* _DESCRIPTION OF THE TASK_
In the entries that follow, find the line containing "Hauteur de 26 cm."; from there, copy every line exactly through the line containing "Paul Hoff est".

* _RECORDED DATA_
----
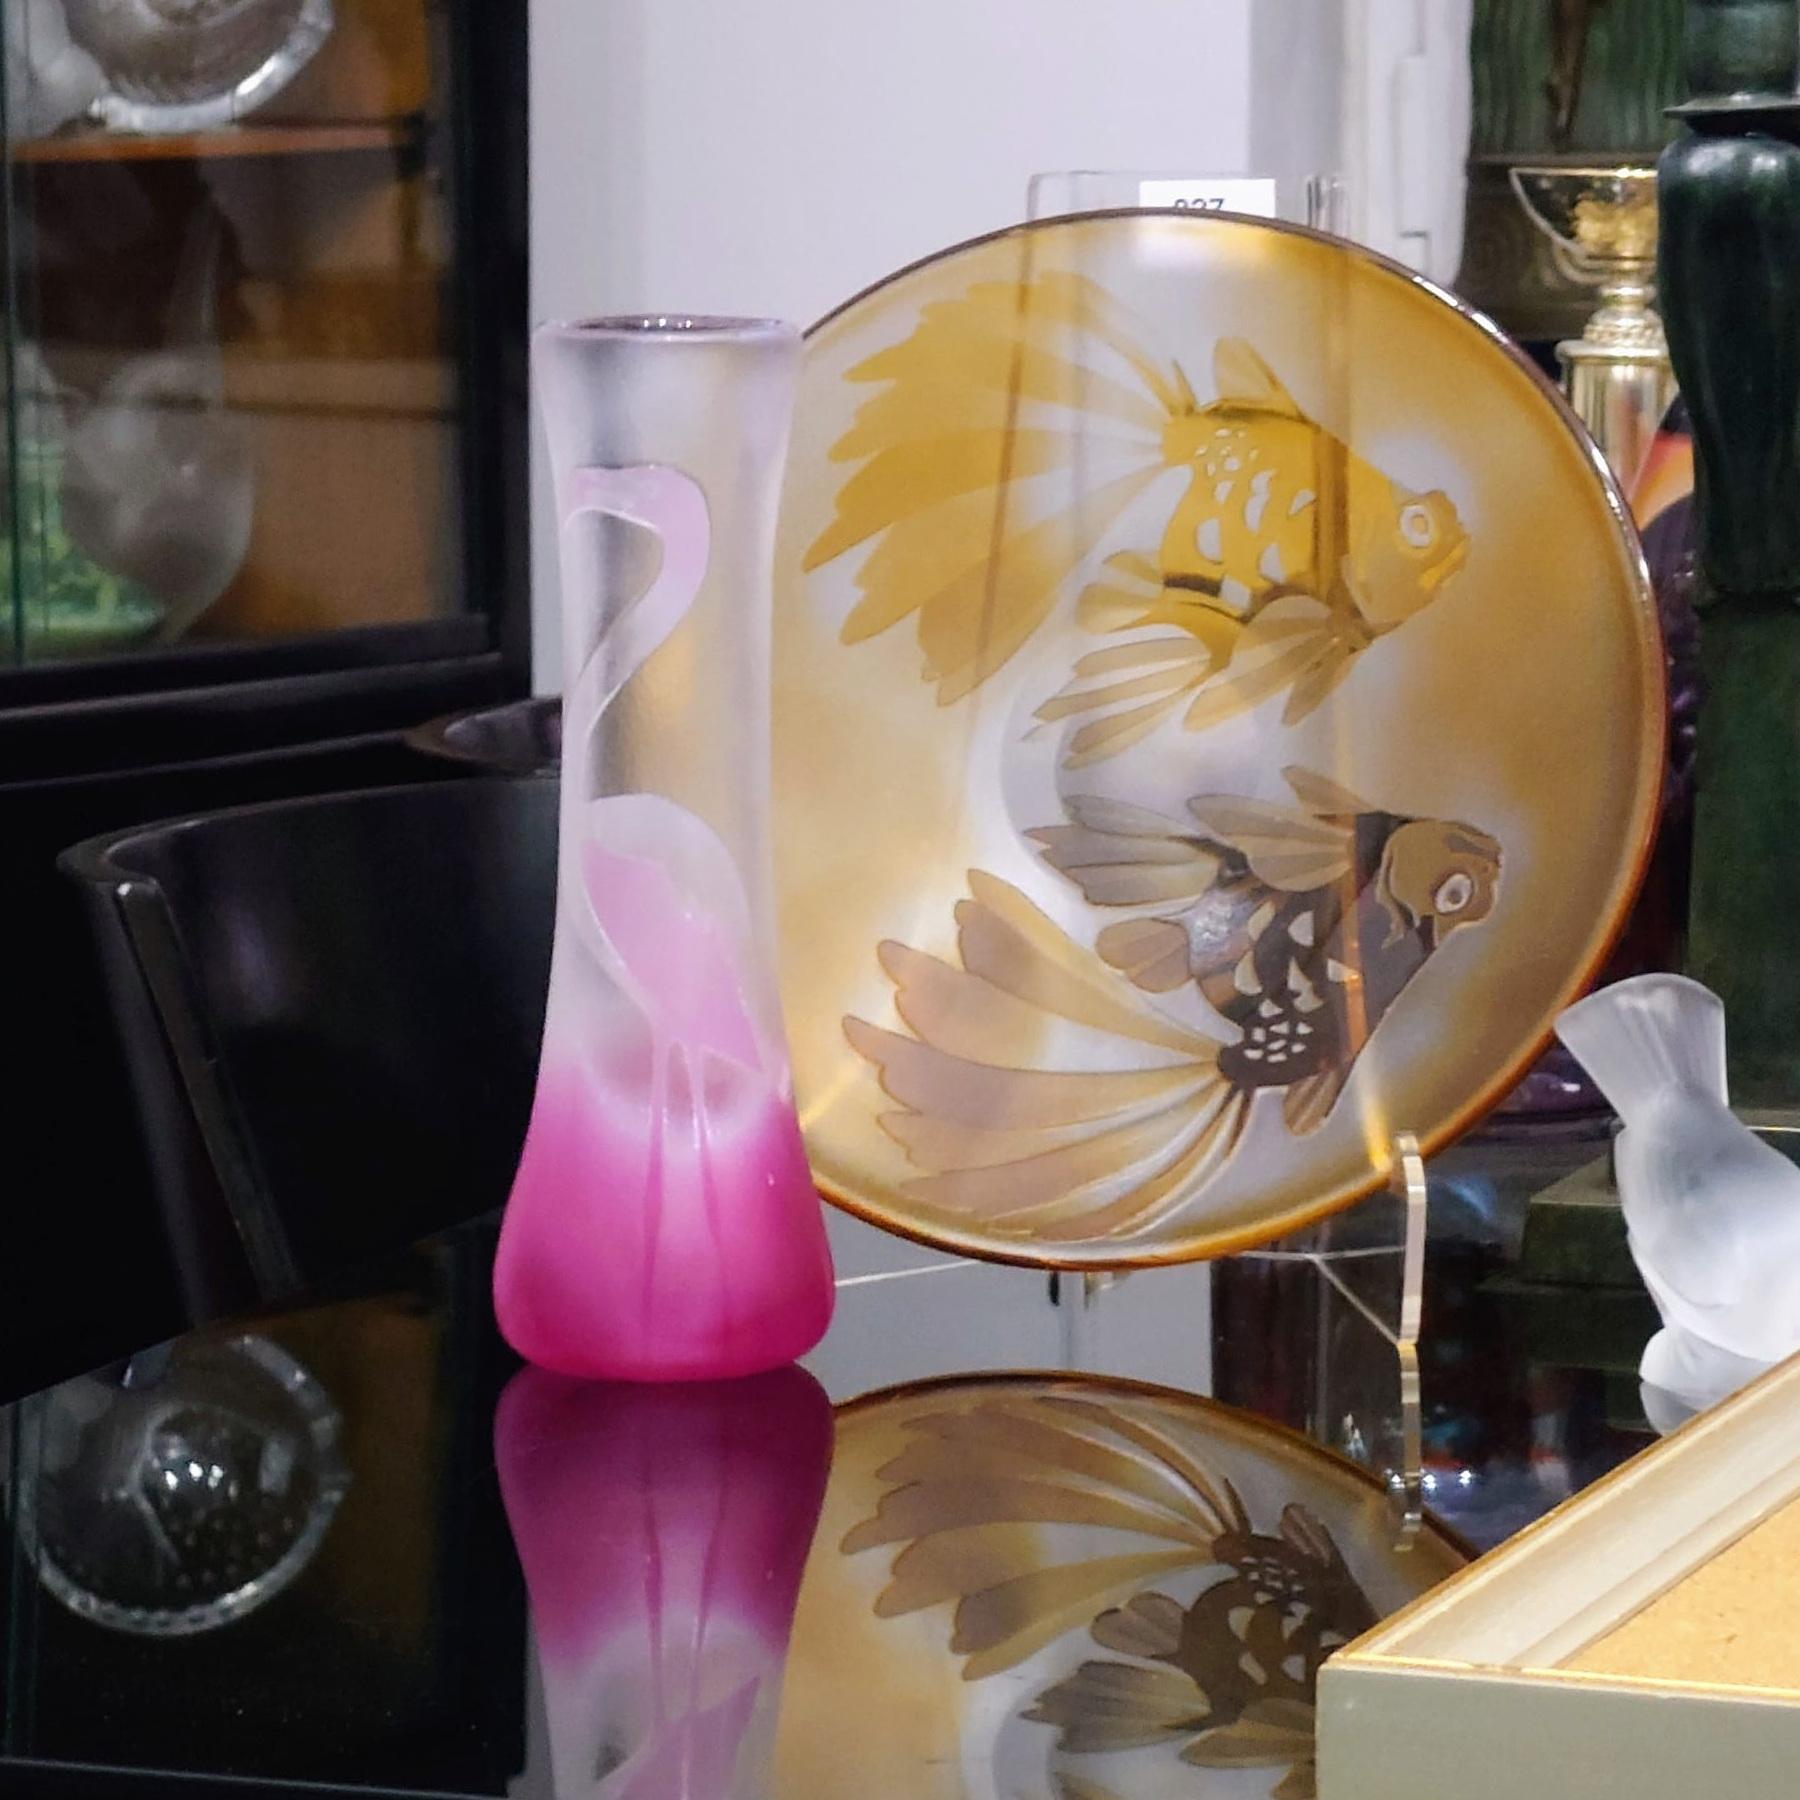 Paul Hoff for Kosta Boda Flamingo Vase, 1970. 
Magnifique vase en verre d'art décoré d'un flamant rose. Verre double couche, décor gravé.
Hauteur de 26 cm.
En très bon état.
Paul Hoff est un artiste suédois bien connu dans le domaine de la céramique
----
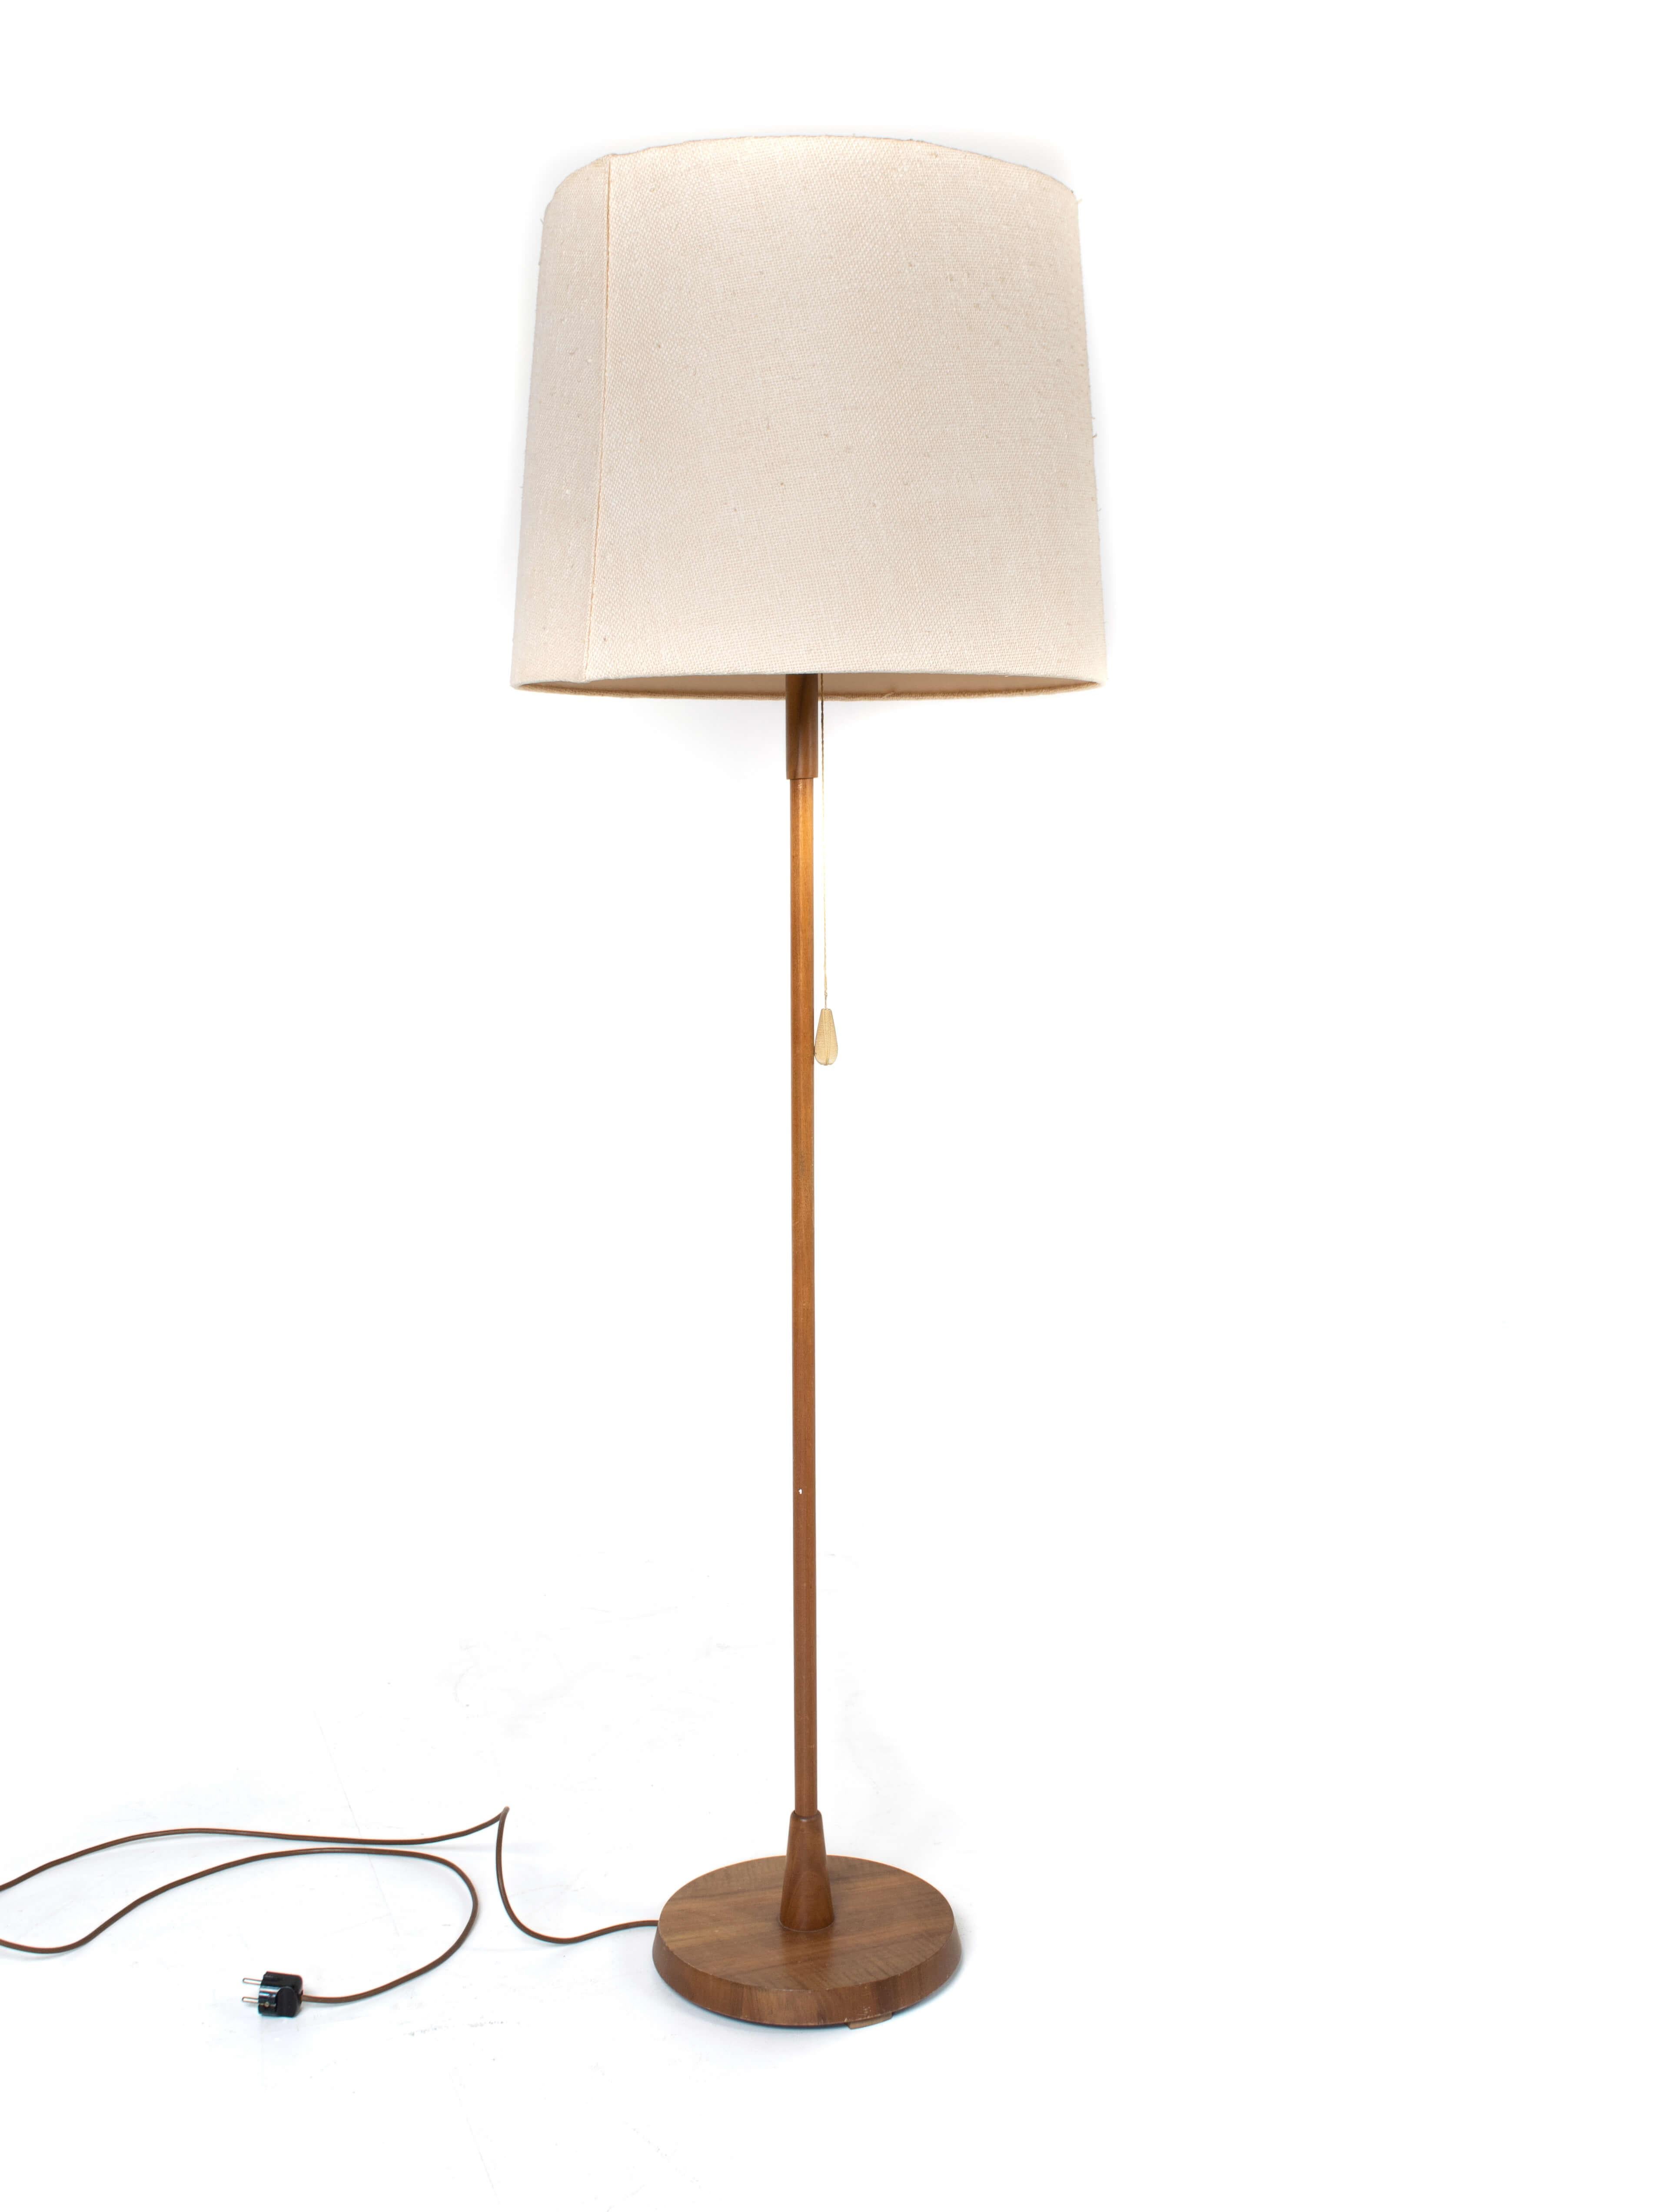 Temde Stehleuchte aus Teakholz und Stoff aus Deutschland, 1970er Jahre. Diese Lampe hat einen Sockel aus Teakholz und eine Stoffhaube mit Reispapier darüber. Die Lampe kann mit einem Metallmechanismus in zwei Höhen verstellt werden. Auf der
----
* _TASK ANSWER_
Hauteur de 26 cm.
En très bon état.
Paul Hoff est un artiste suédois bien connu dans le domaine de la céramique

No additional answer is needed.